The answer: “I left when she came in with the mop and pail. That was less than one ring ago.”
“She built the Highmount of Azantiia in such a short time. We give the aspirants an entire day to do the same. And most fail.”
“I swear.”
Someone had then grabbed her chin and turned her face. “And look at the blue cast to her eyes. She’s all but blind.”
Afterward, she had been granted a spot among the firstyears, entering the Cloistery a year younger than anyone else. Only a handful of children from the village of Brayk had ever been granted entrance to the school, and none had climbed higher than the third tier. She secretly took pride in this accomplishment, but it was hard to maintain that satisfaction. As she climbed the tiers with the same shrinking class, the others never let her forget her lowly beginnings. They shamed her for the stink of the silage about her. They teased her for her lack of fine clothes and manners. And then there was her clouded vision, a wall of shadows that continually separated her from the others.

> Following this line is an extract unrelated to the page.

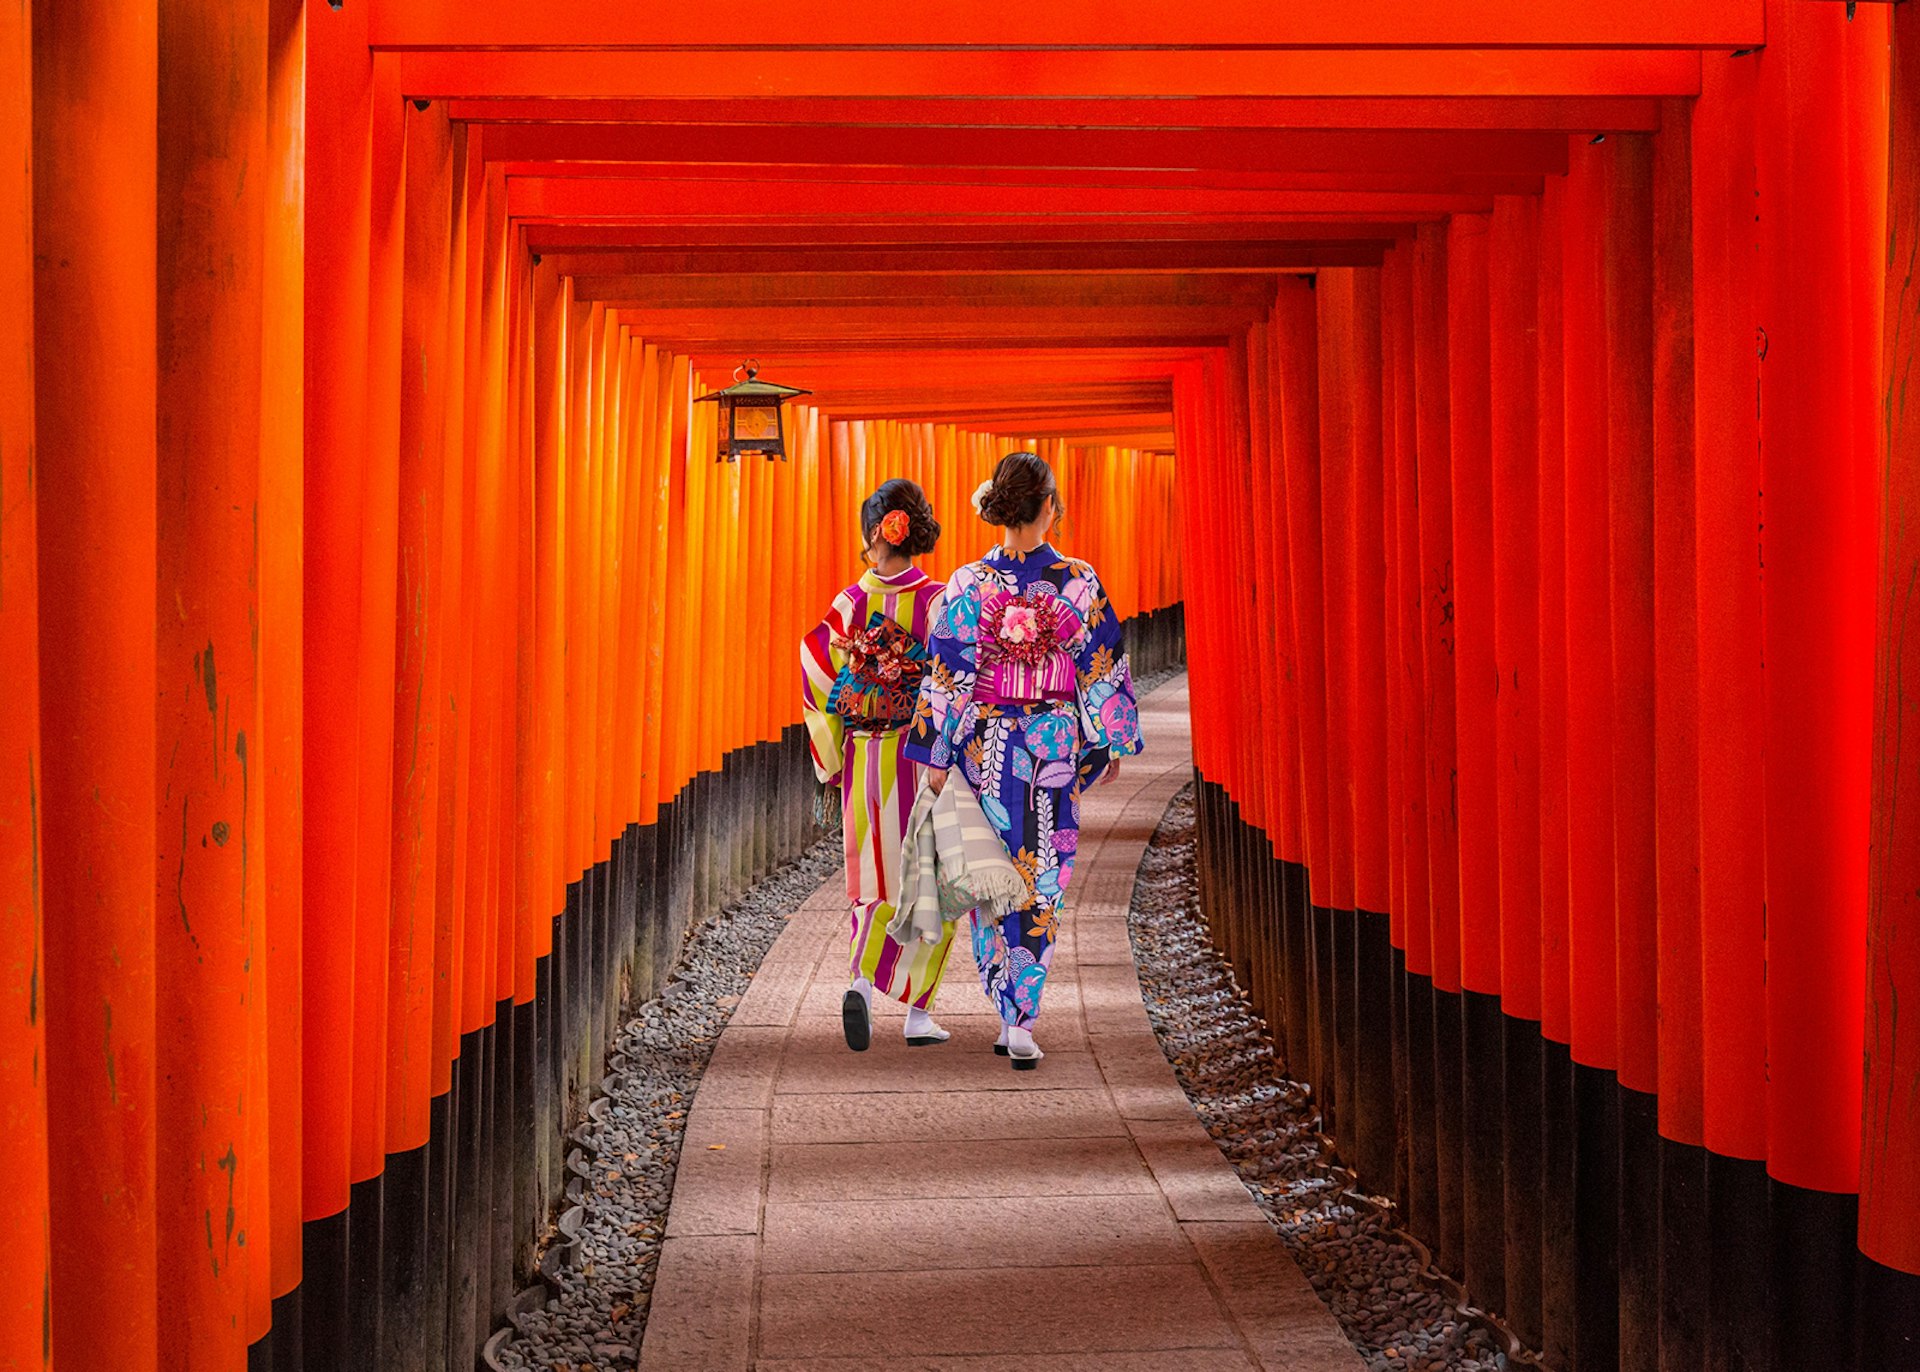 Japanese women in kimonos walking at the Fushimi Inari Shrine in Kyoto, Japan © Patryk Kosmider / Shutterstock

Still, she found solace in her dah’s joy. To stoke that happiness, she kept steadfast in her studies. She also found pleasure in learning more about the world. It was like climbing out of the darkness of a root cellar and into a bright summer day. Shadows remained, mysteries yet to be revealed, but each year more of the darkness about the world lifted. The same curiosity with which she handled those blocks in the testing ward remained and grew with each tier gained.

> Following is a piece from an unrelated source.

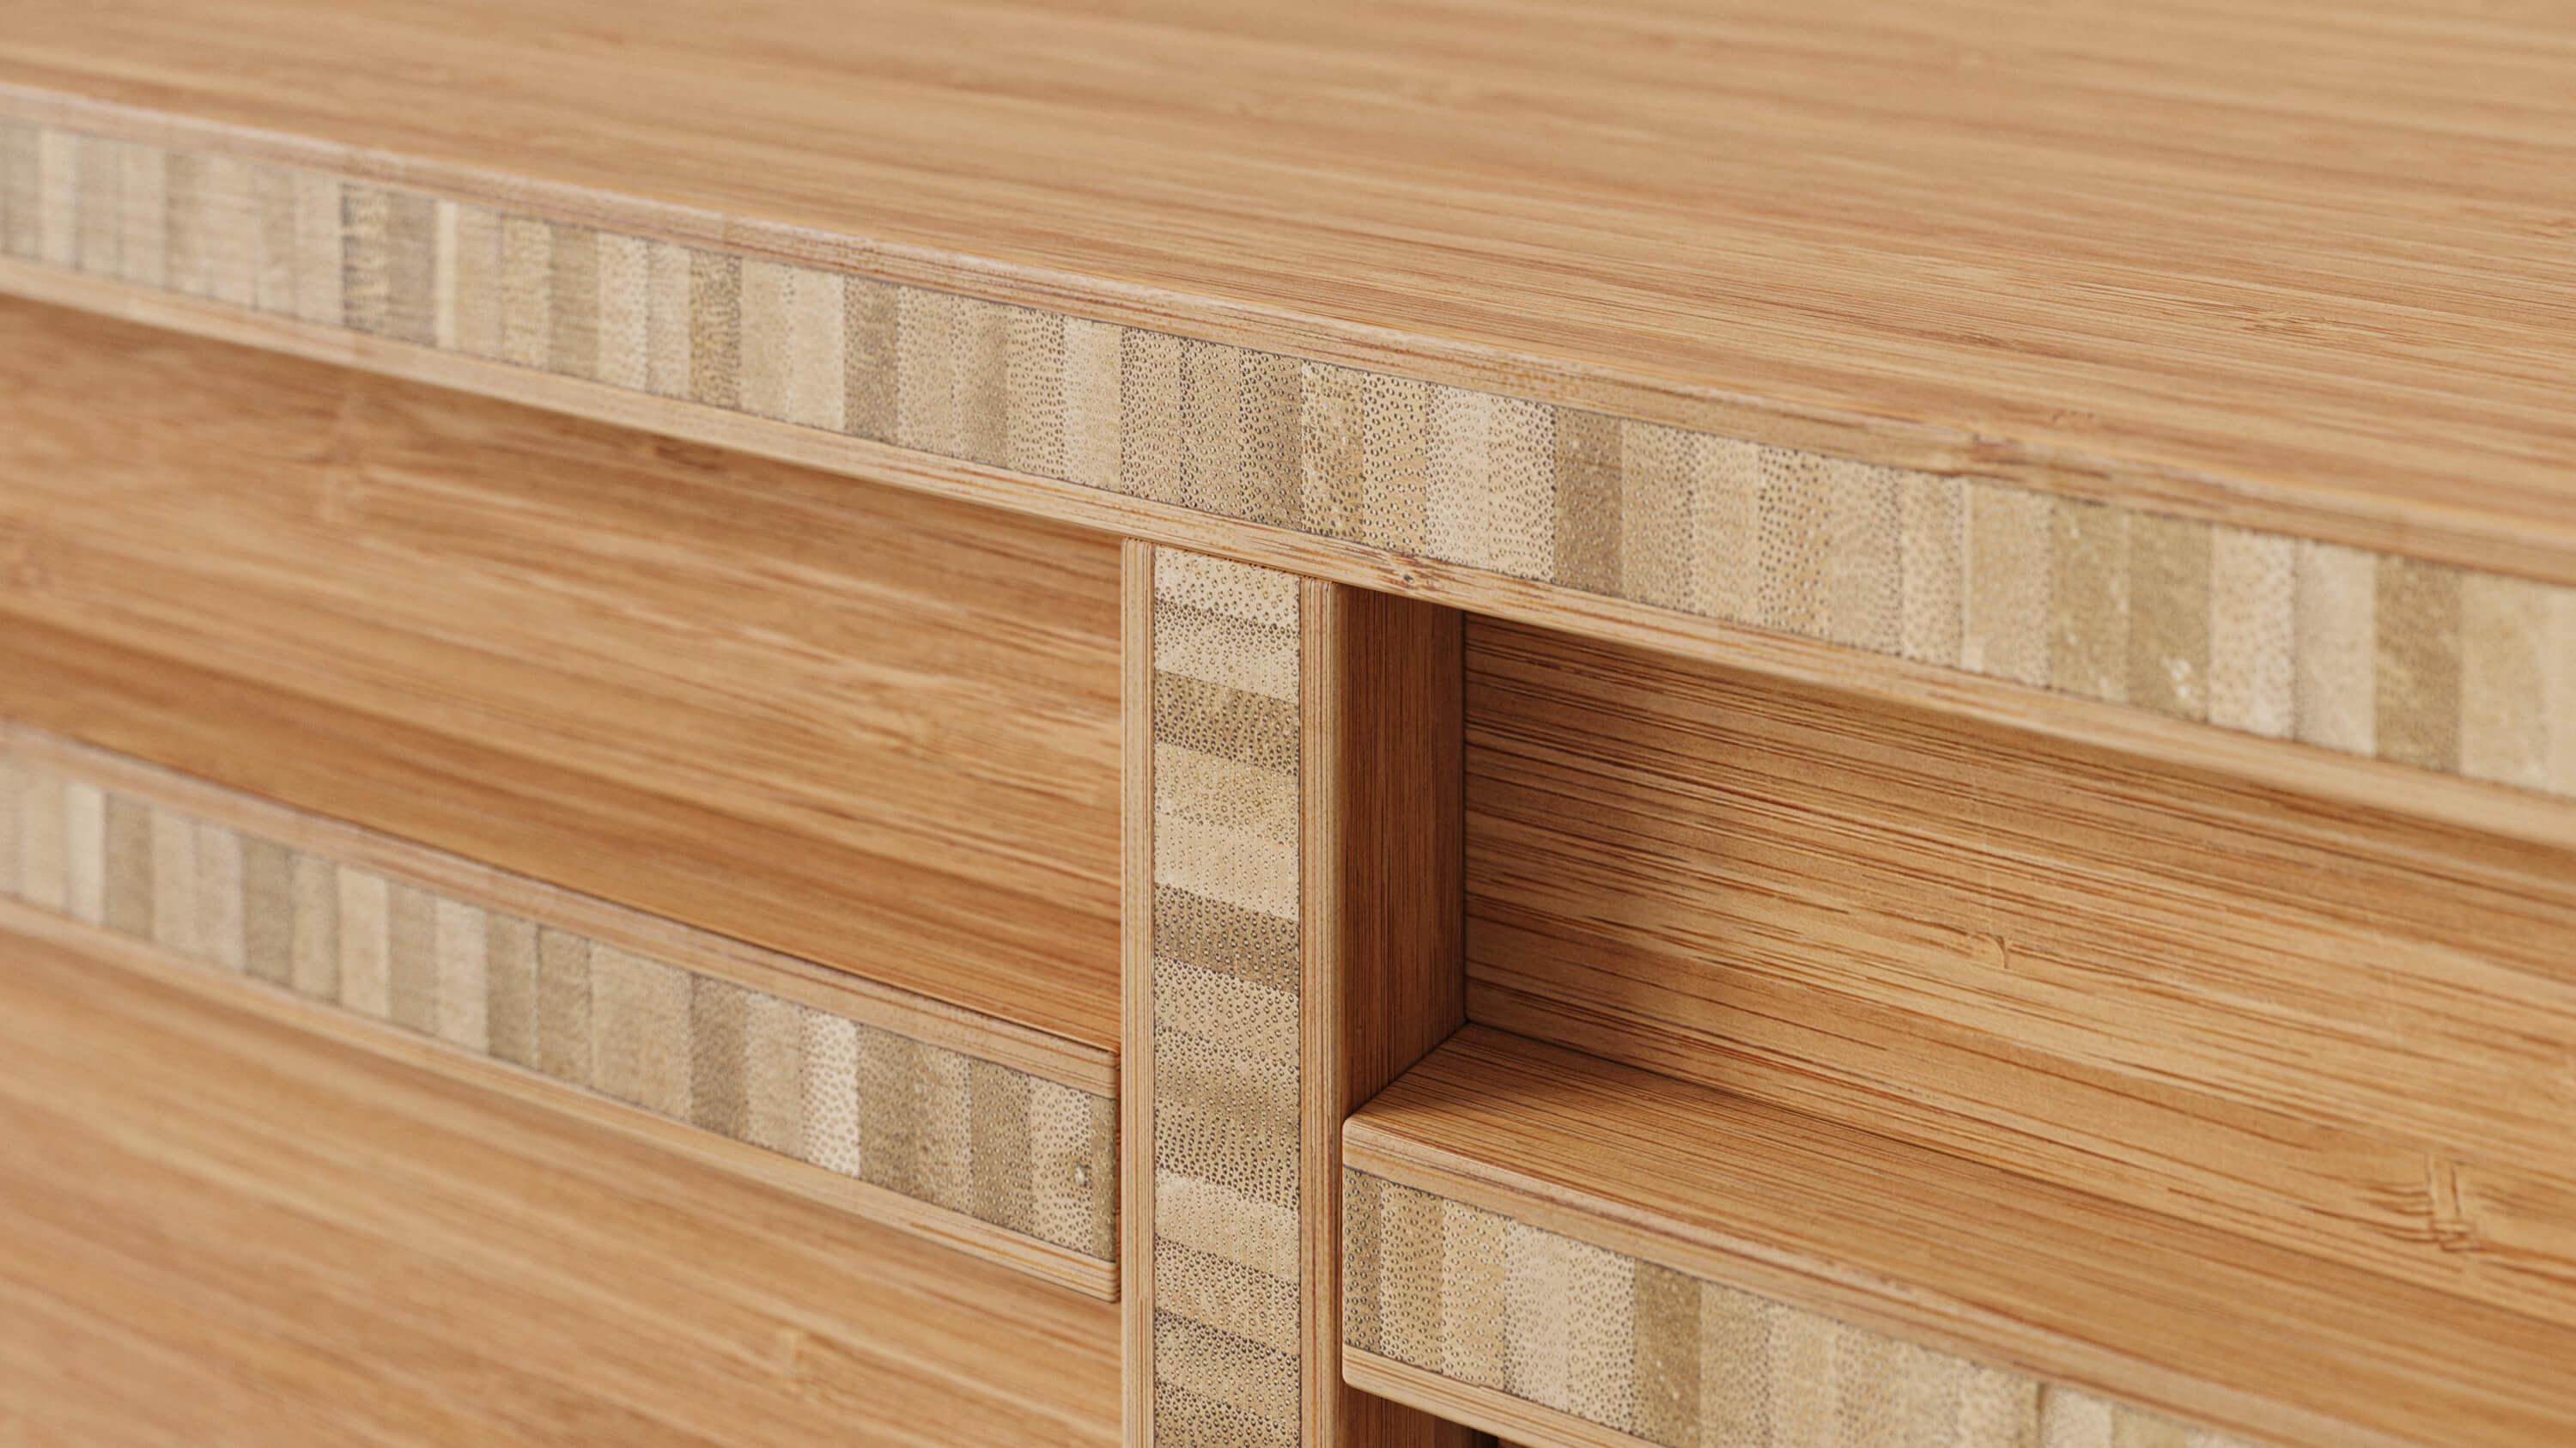 High Quality Seamless Bamboo wood veneer texture

“You will make it to your ninthyear,” her dah said. “I know it in my bones.”
She gathered his confidence into her heart and held it there. She would devote everything to make that happen.
If nothing else, for him.
Off in the distance, a ringing echoed from the heights of the Cloistery. It was the Summoning Bell. She had to be in her latterday studies before they rang again. She did not have much time.
Her dah heard it, too. “Best you get going, lass.”
She gained her feet by the hearth and reached to his hand, feeling the wiry muscles under thin skin, all wrapped around strong bones. She leaned and kissed him, finding his whiskered cheek as surely as a bee to a honeyclott.
“I’ll see you again when I can,” she promised him, remembering she had sworn the same earlier to Gramblebuck. She intended to keep that promise to both.
“Be good,” her dah said. “And remember the Mother is always looking out for you.”
As she headed toward the door, she smiled at her dah’s undying faith in both her and the Mother Below. She prayed it was not misplaced—not with either of them.